__Dataset excerpt__
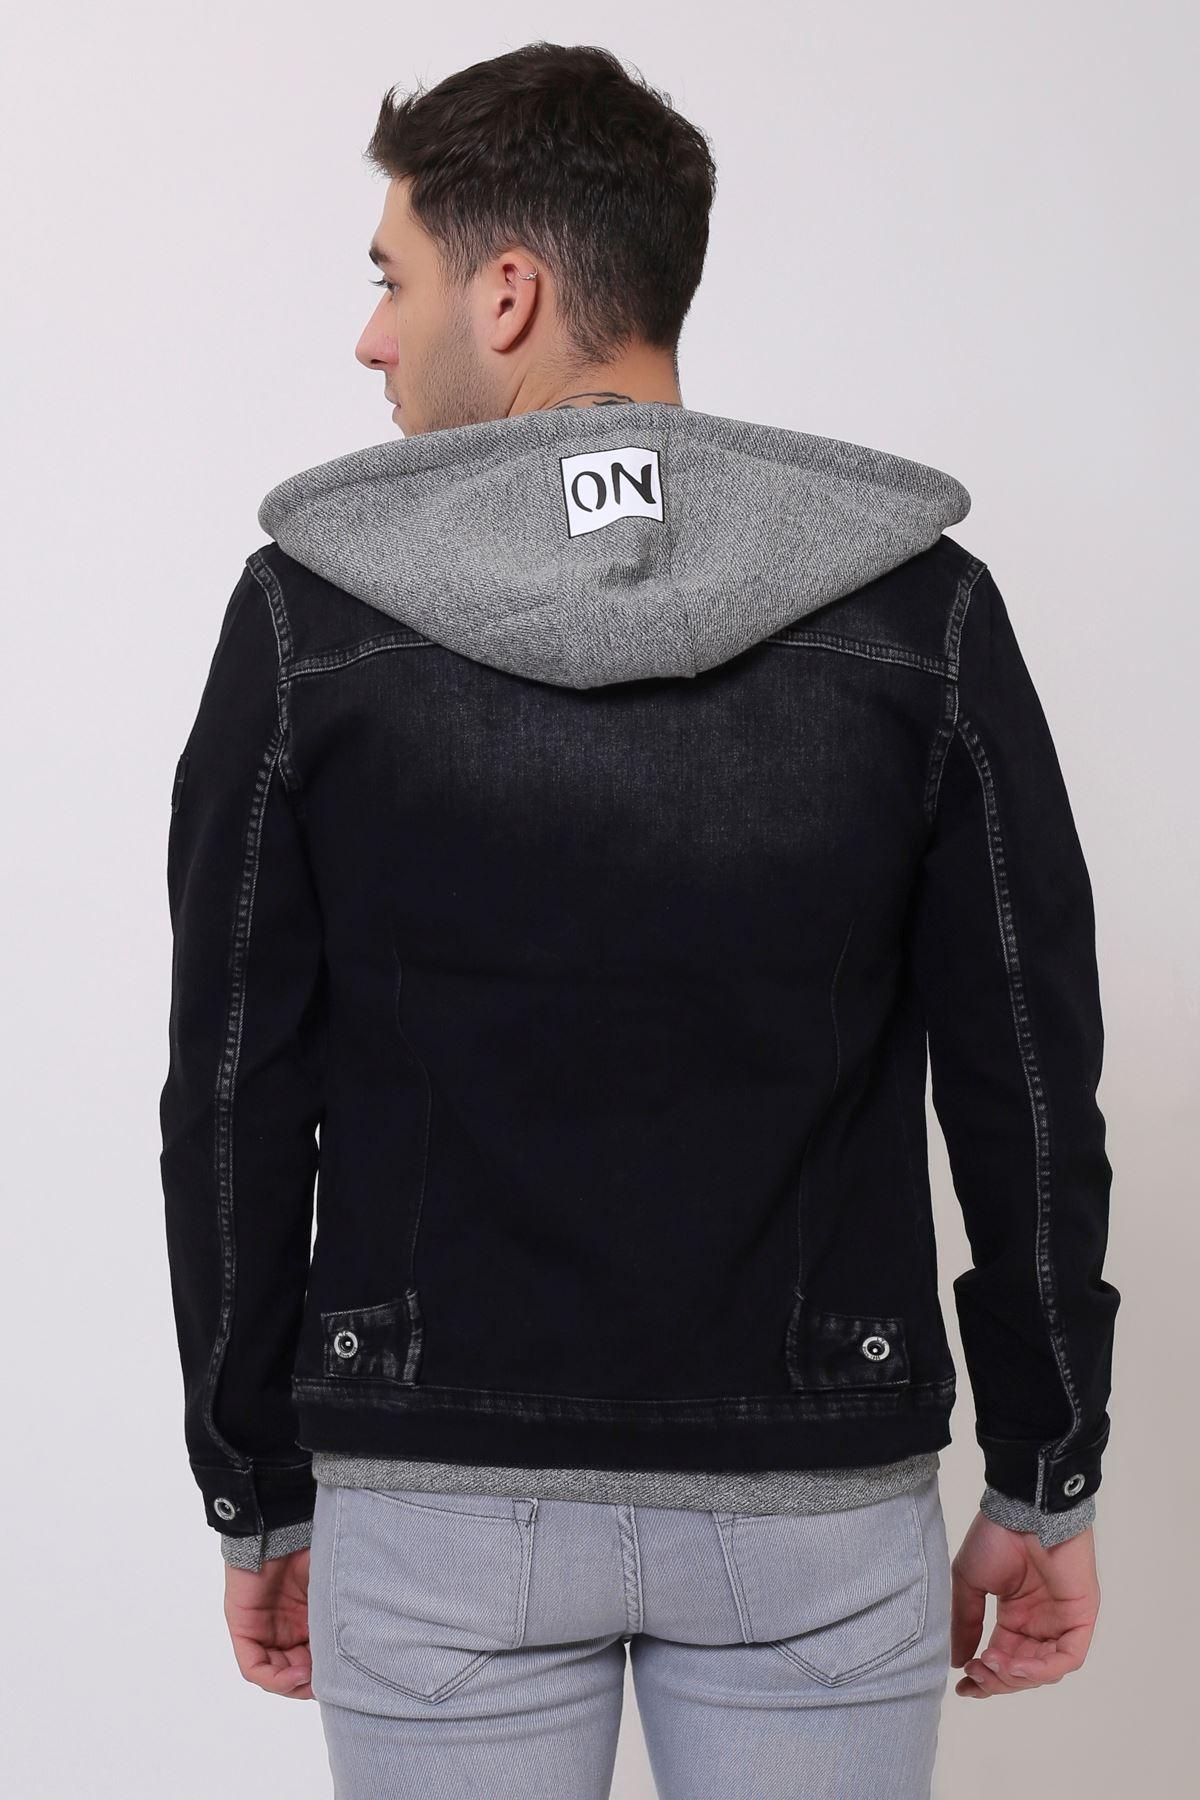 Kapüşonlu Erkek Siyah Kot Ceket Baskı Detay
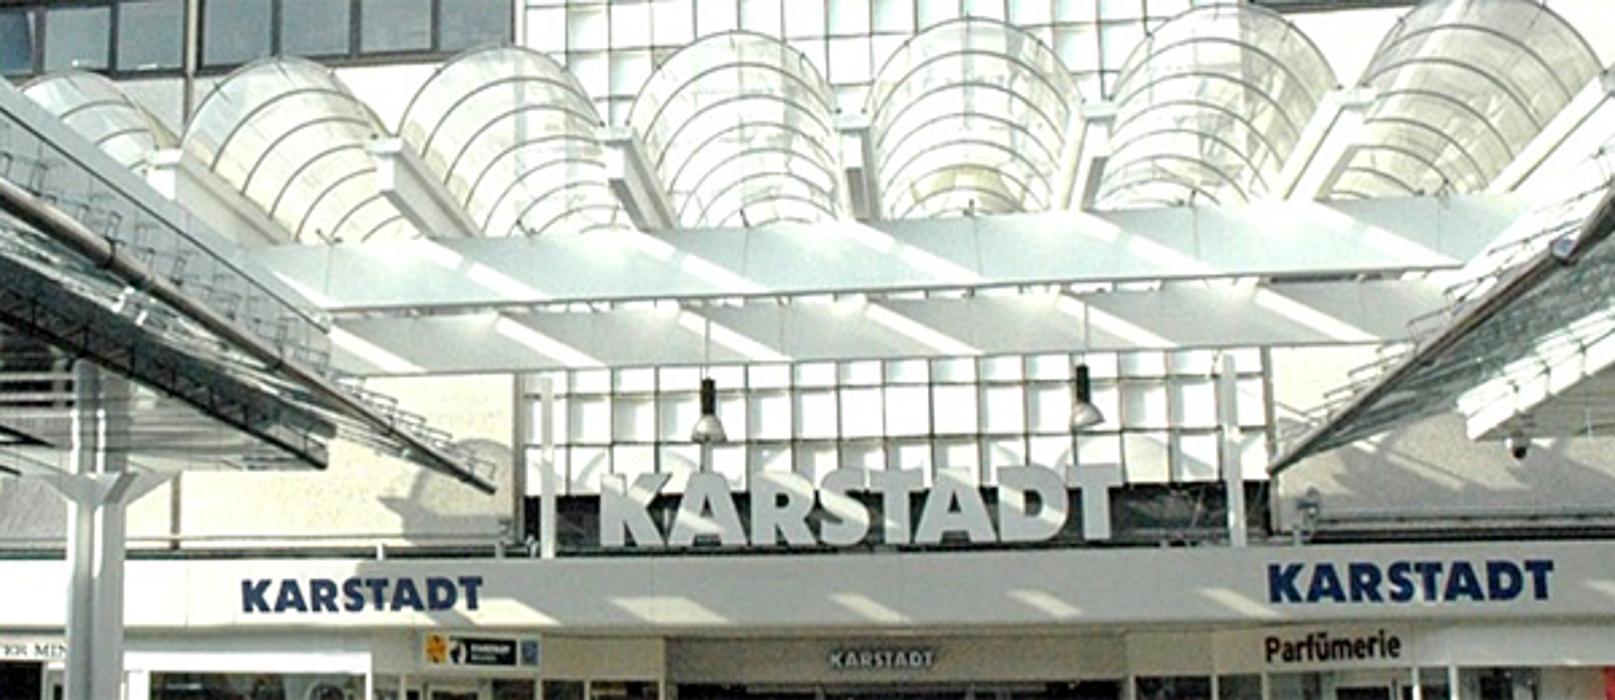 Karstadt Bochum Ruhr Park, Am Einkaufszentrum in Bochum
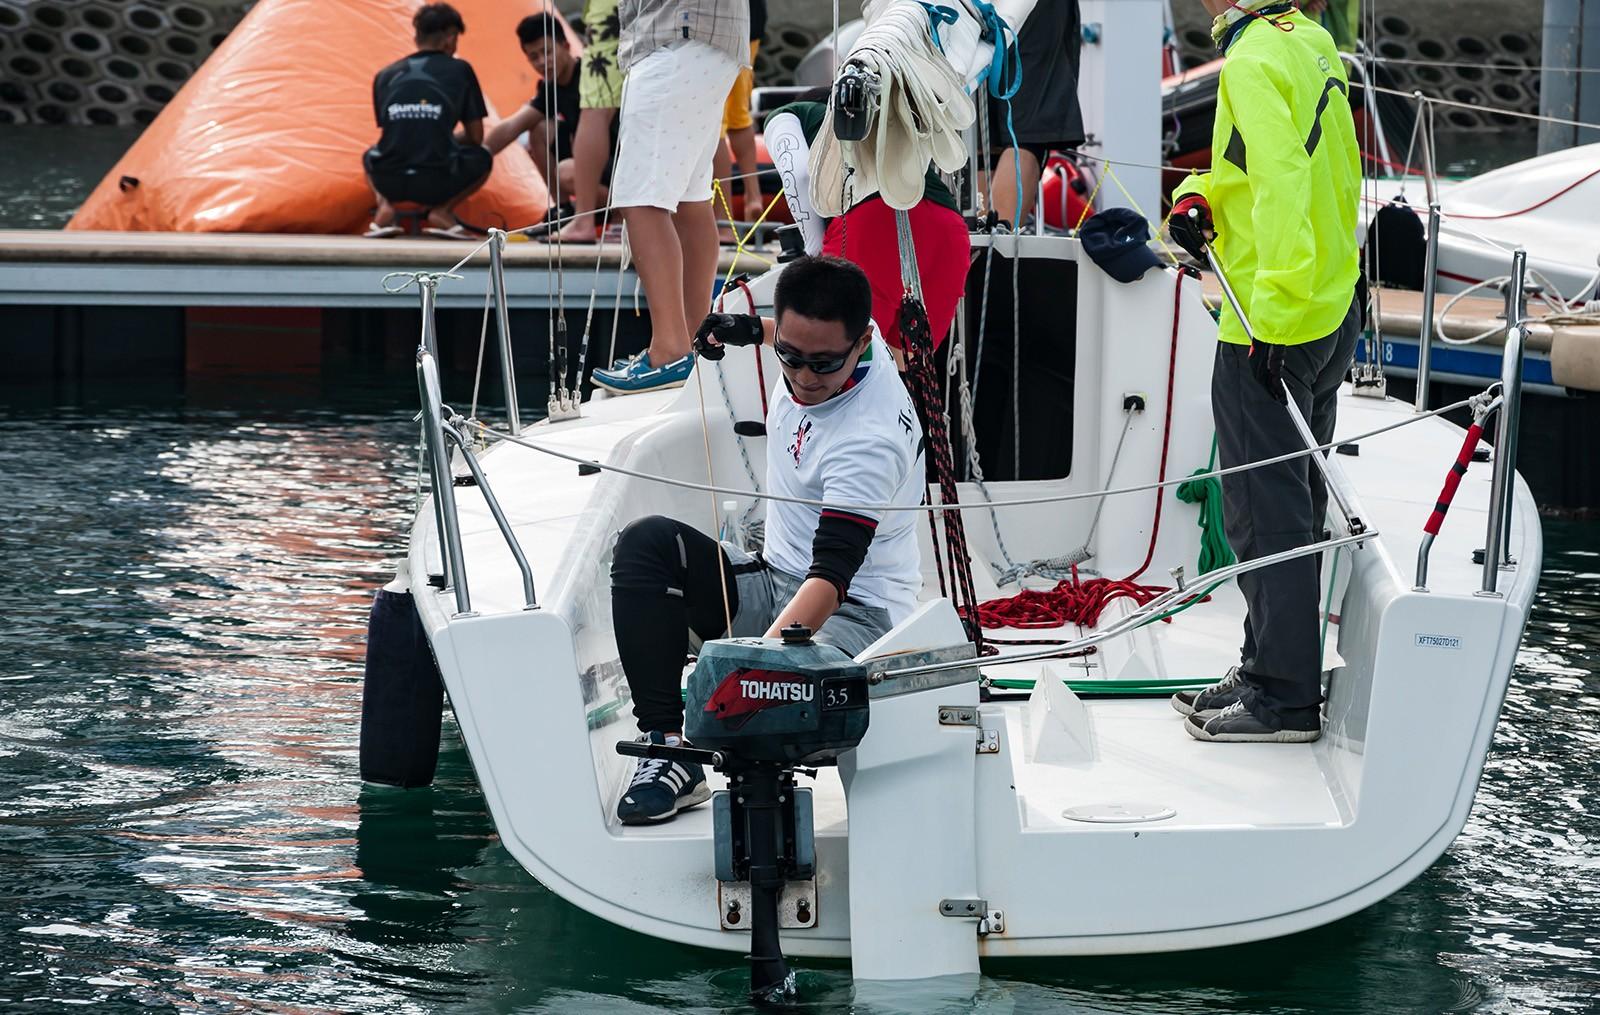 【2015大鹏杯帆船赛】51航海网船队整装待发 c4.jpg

__Prompt__
The data must be printed exactly, image-free.

__Answer to this exercise__
 Kapüşonlu Erkek Siyah Kot Ceket Baskı Detay
 Karstadt Bochum Ruhr Park, Am Einkaufszentrum in Bochum
 【2015大鹏杯帆船赛】51航海网船队整装待发 c4.jpg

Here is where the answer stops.